Tuesday, January 27, 2015

unbleached

I am trying to get into science fiction and fantasy. I really am. Maybe I'm doing it wrong? Can someone direct me in the right direction? I want to dive into a world and get lost. I mean, aside from this world. I'm already lost in this world, so why not try getting lost in another?

It's my personality, I suppose, to be obsessed. Within me lies this blank canvas aching for an identity, a community, a purpose. And I find it for a few weeks -- whatever "it" happens to be -- but then I either grow tired or discouraged or bored and move on. It's as if I am a sprinter going for a marathon. I do wonderfully in spurts, but I can't seem to go the distance.

And that's why I change my hair often and often dramatically. That's why I experiment with various personas. That's why I'm drawn to religion and rallies and rituals. I want a passion, a direction, a focus. I want a reason, dammit! Instead, I roam. Forever and ever and ever. And yeah yeah yeah, it's about the journey, not the destination. Not all who wander are lost. Always question. Spare me.

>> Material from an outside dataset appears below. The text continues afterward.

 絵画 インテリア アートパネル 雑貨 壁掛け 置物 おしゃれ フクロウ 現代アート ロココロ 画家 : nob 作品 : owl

Where was I going with this exactly? Oh right. Science fiction and fantasy. Can't quite get into them. Still gonna give them a chance. I'm tired.

The search continues, folks. My current, passing obsession is penny loafers and sensible slacks. I want to play it safe and clean for now. Maybe I need to befriend the blank canvas and see it as a strength. Who needs paint anyway? I don't even have any brushes. Yet.